Do PLCs run a common intermediate language under the hood?

surferb

Lifetime Supporting Member
S
Join Date
Jun 2007
Location
DC area
Posts
1,777
I speculate that PLCs translate the language from programmers (e.g Ladder Logic, SFCs, Structured Text) into a common intermediate language, similar to Java or .NET bytecode. I'm curious about a vendor-agnostic response (e.g. AB, Siemens, Mitsubishi, etc).

Is there any reference to this or are there knowledgeable folks here?
 
Going back to the days of the Text Editor / Compiler program sets for machine language each CPU has it's own code it processes. A 8088 program was very different from a 68000 program.


The core machine language of a PLC would have to be for the CPU used in it and wouldn't even be recognizable to another CPU. Even if 2 different PLC's used the same CPU the hardware on one motherboard would be incompatible with the other.
 
Early Modicon 984's used AMD bit slice processors to emulate a PDP-11 for speed. There were 4 bit slice processors, each handling 16 bits of a 16 bit word so the PDP-11 instruction set was an intermediate code.

Today the PLCs should just compile down to their native machine code for speed.
 
The point of my question is whether the resulting code would be the same on a given PLC from equivalent programming in Ladder Logic versus SFCs. When we say "native", this is still run on top of another application, right?

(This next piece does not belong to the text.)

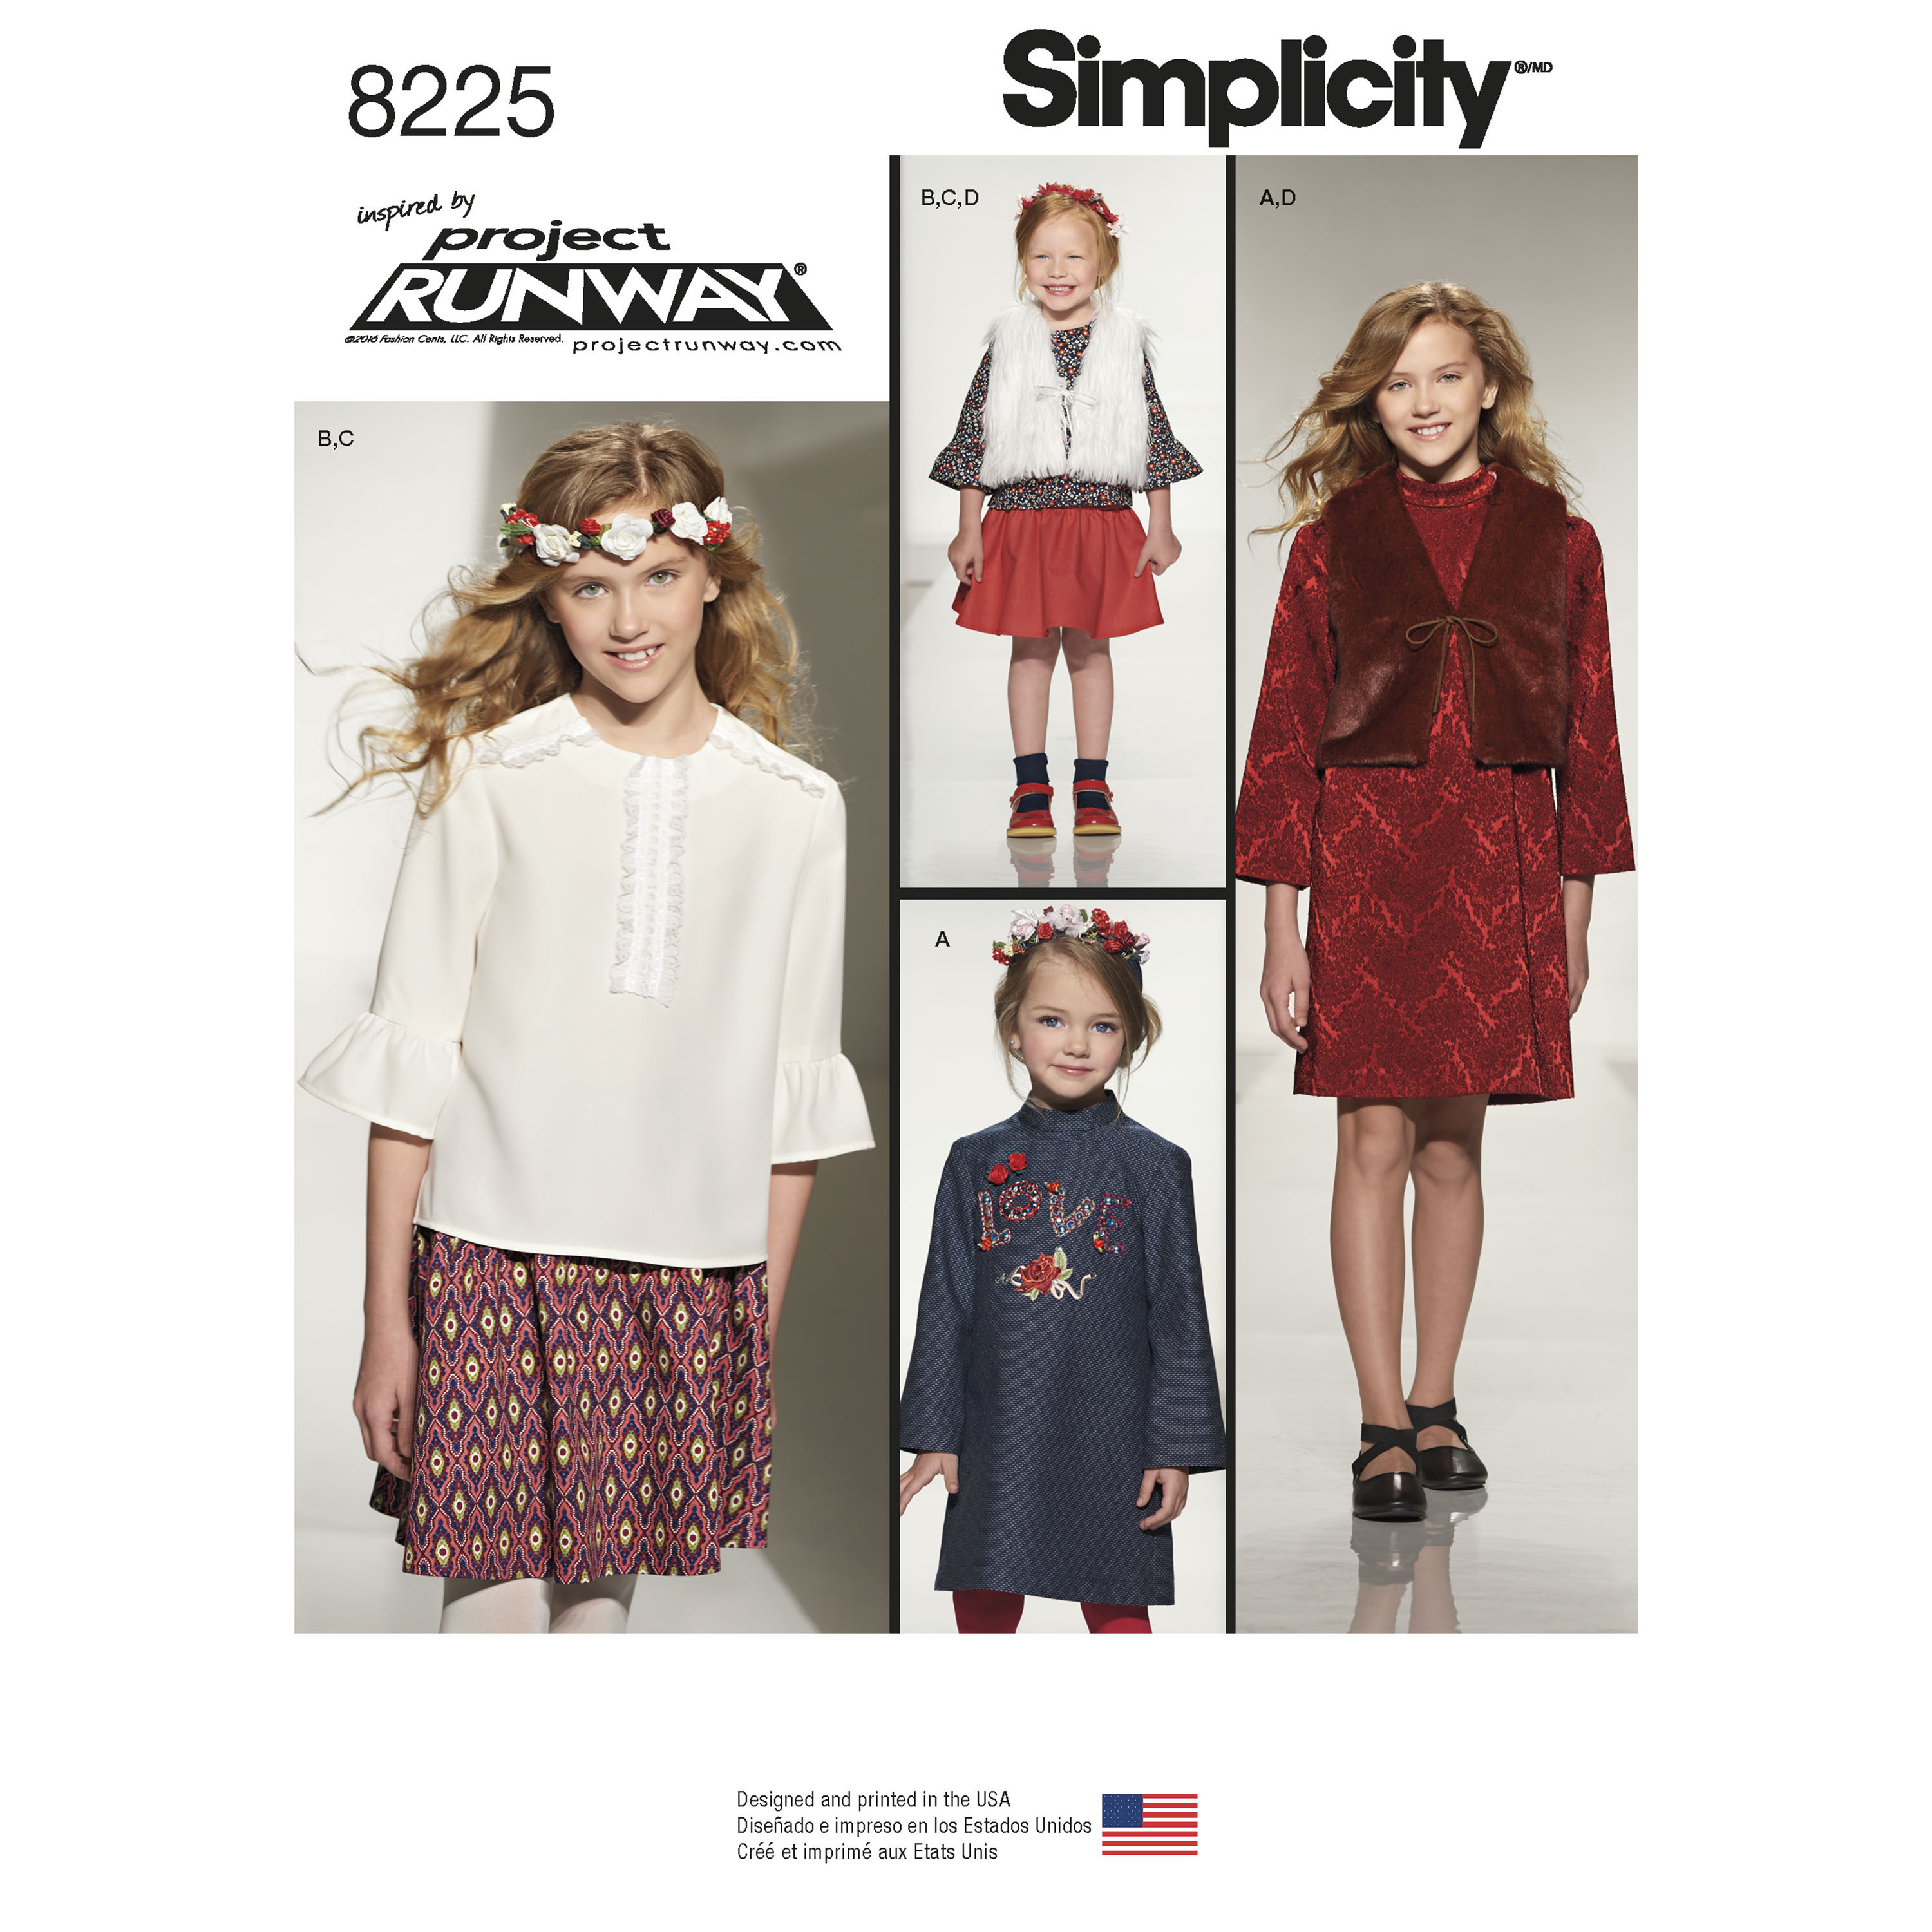 Simplicity 8225 Child's and Girls' Inspired by Project Runway Sportswear

We still need to be able to make "online changes" without restarting.

Peter Nachtwey said:
Today the PLCs should just compile down to their native machine code for speed.
Click to expand...
 
I would think that would be up to the compiler and could even change with FW revision improvements. If the complier recognized the SFC code as one of it's kin, it would make sense for the compiler to have optimized bytecode just for that instruction ready to go whereas ladder gives little hint on its intentions so could only be optimized for space and not speed.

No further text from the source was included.